Below are the records; extract from them the line containing "Rustic-Tablescape-Black-White-Bowl-Bubble-Glasses.jpg" to the line containing "Automotive wallpaper picture hd", both lines included, exactly and with no pictures.

_Information_
_ _ _ _ _

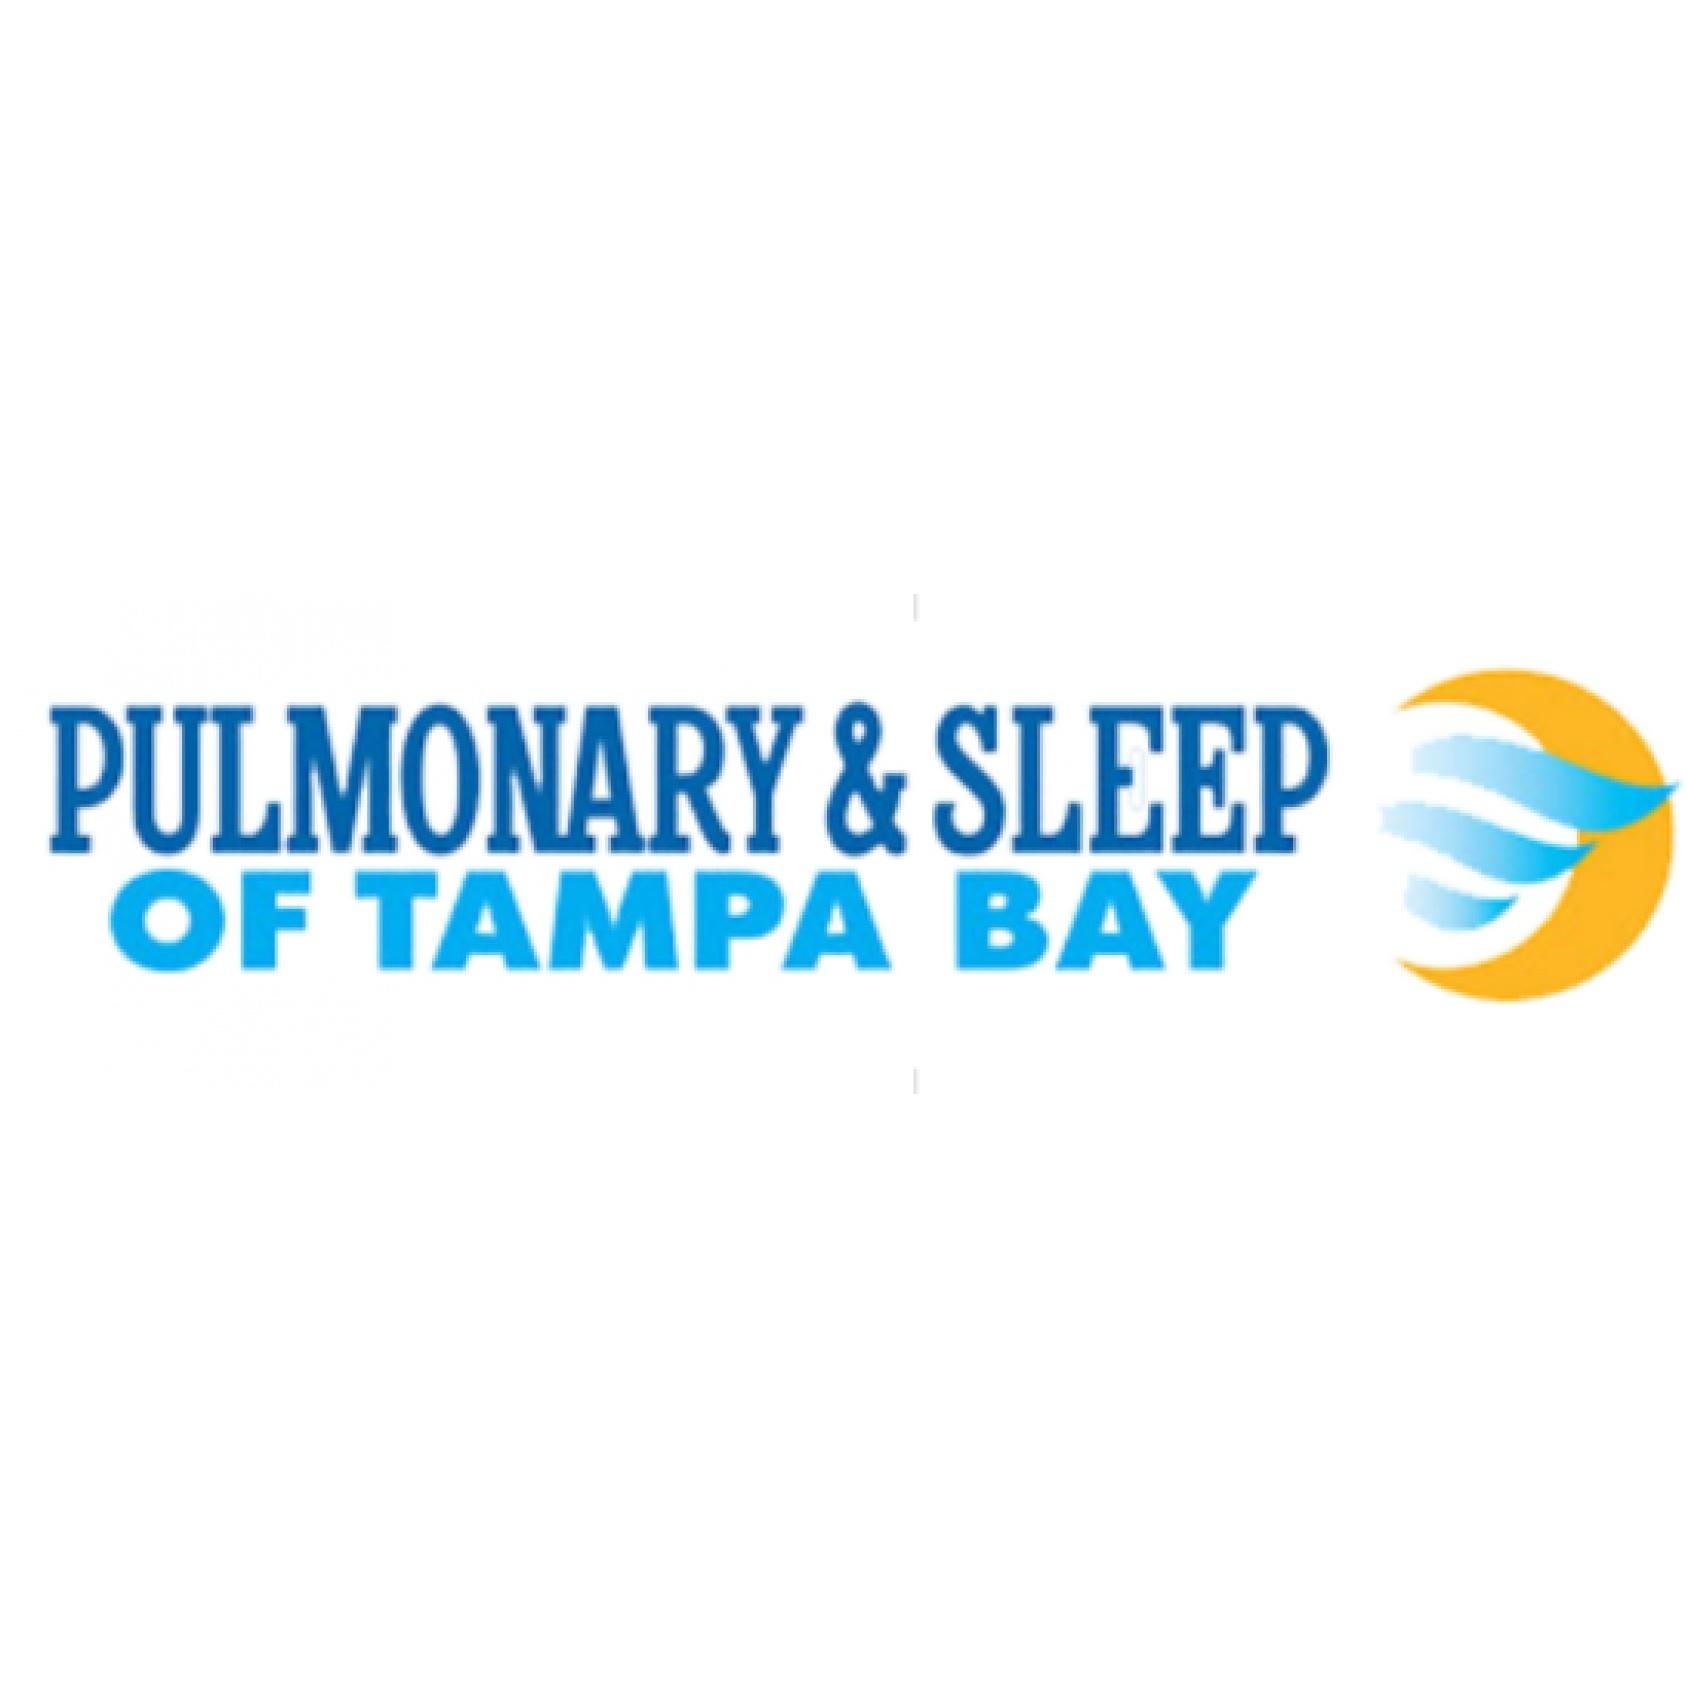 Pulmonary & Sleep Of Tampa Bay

_ _ _ _ _

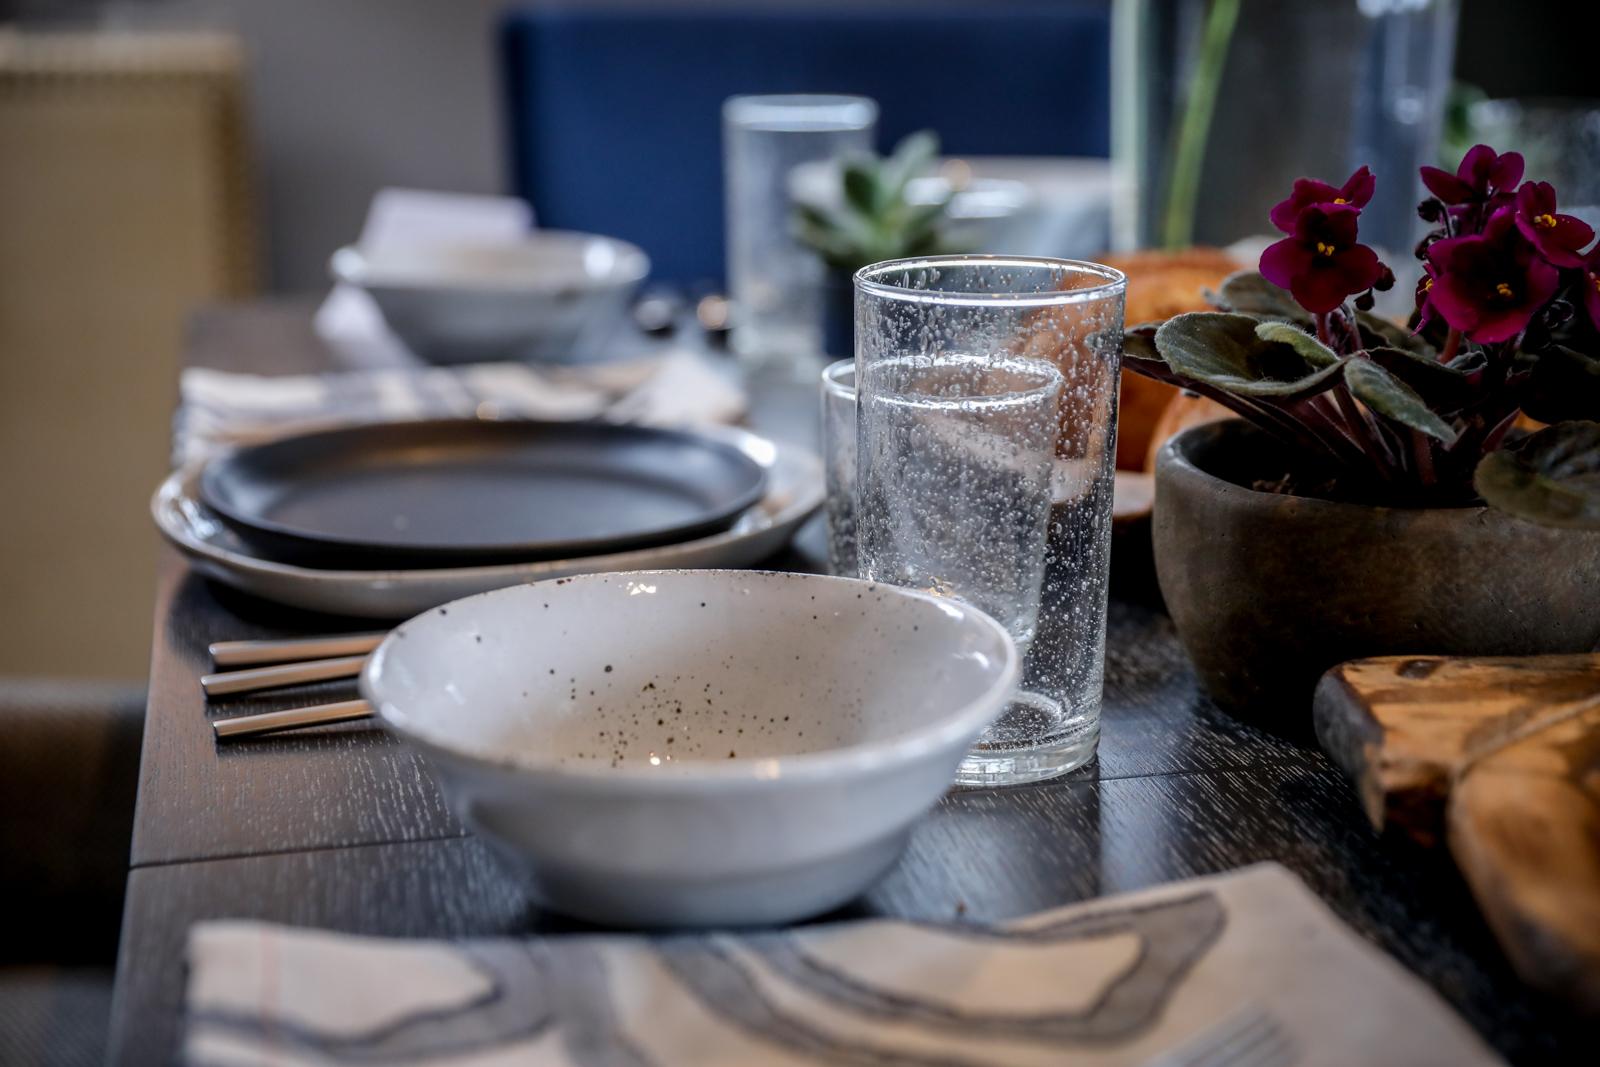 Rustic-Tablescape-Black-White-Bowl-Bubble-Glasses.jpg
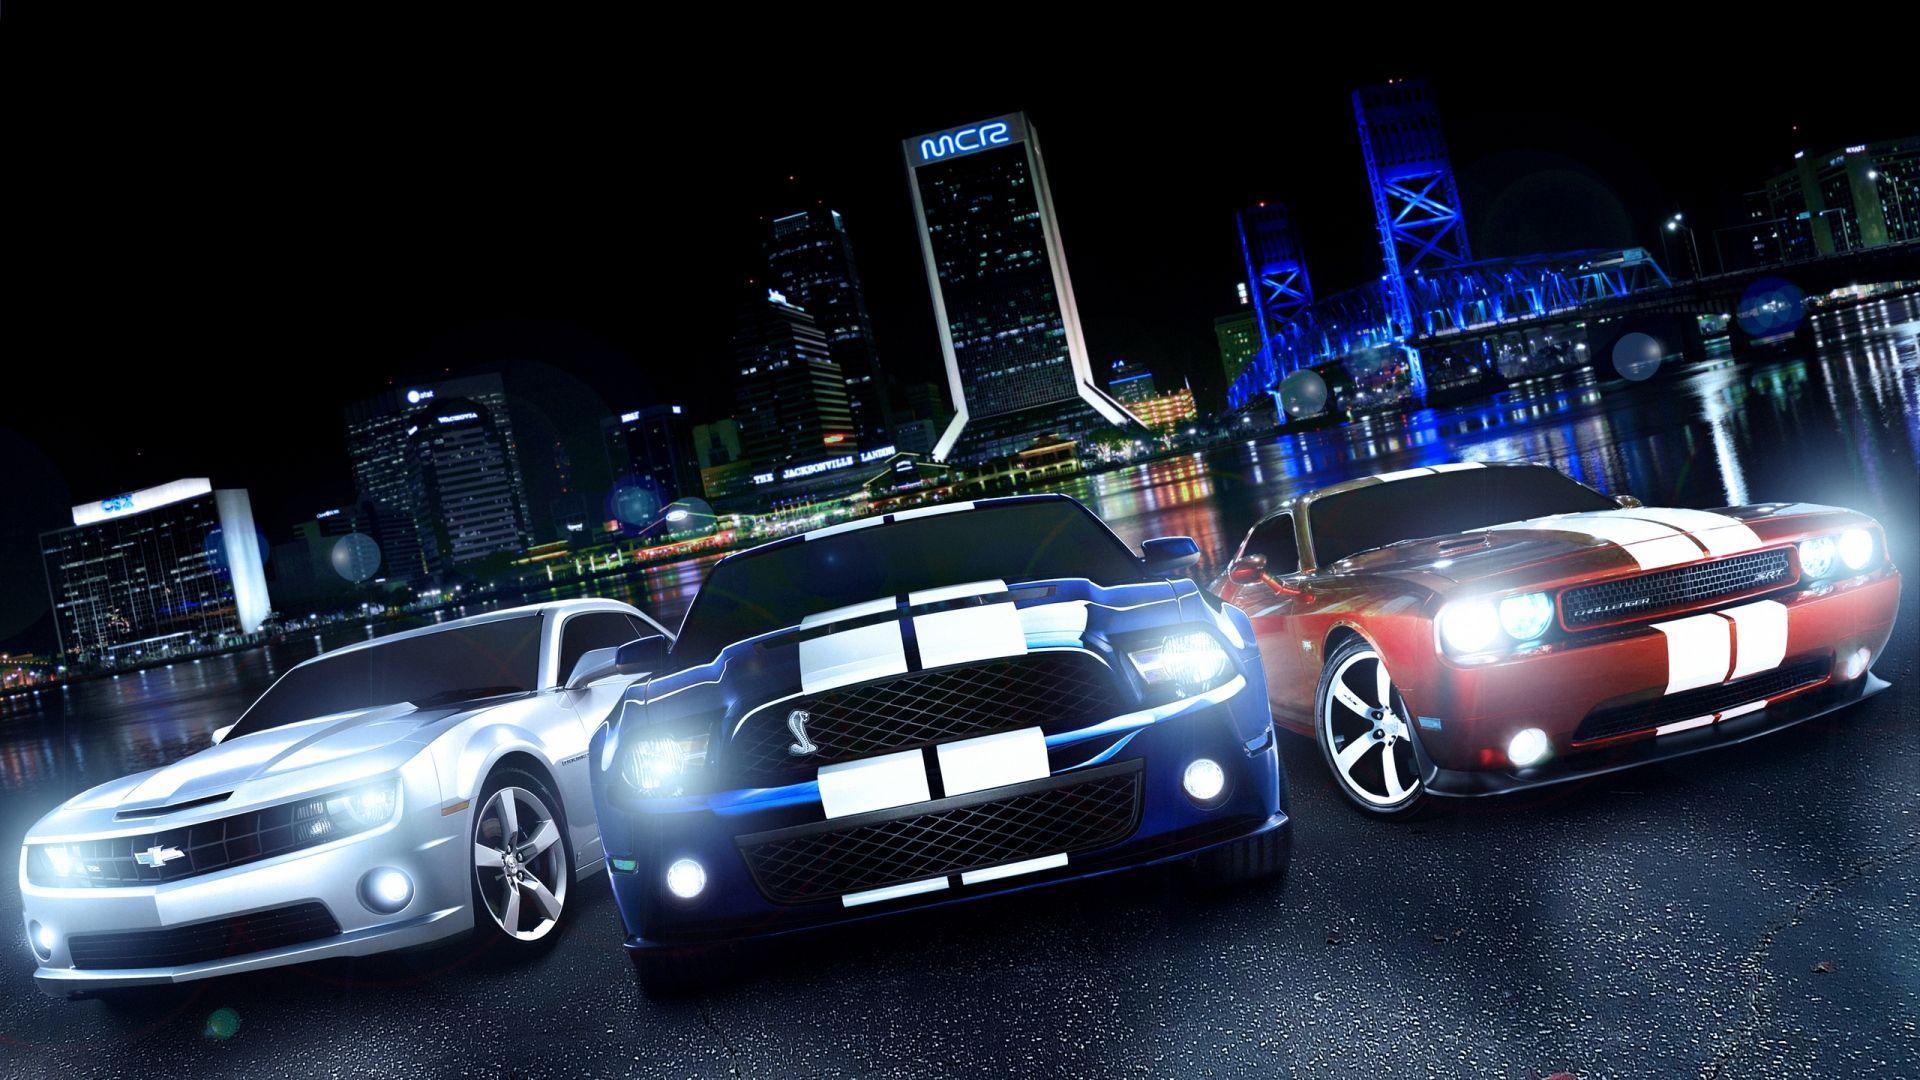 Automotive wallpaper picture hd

_ _ _ _ _

_Reply_
 Rustic-Tablescape-Black-White-Bowl-Bubble-Glasses.jpg
 Automotive wallpaper picture hd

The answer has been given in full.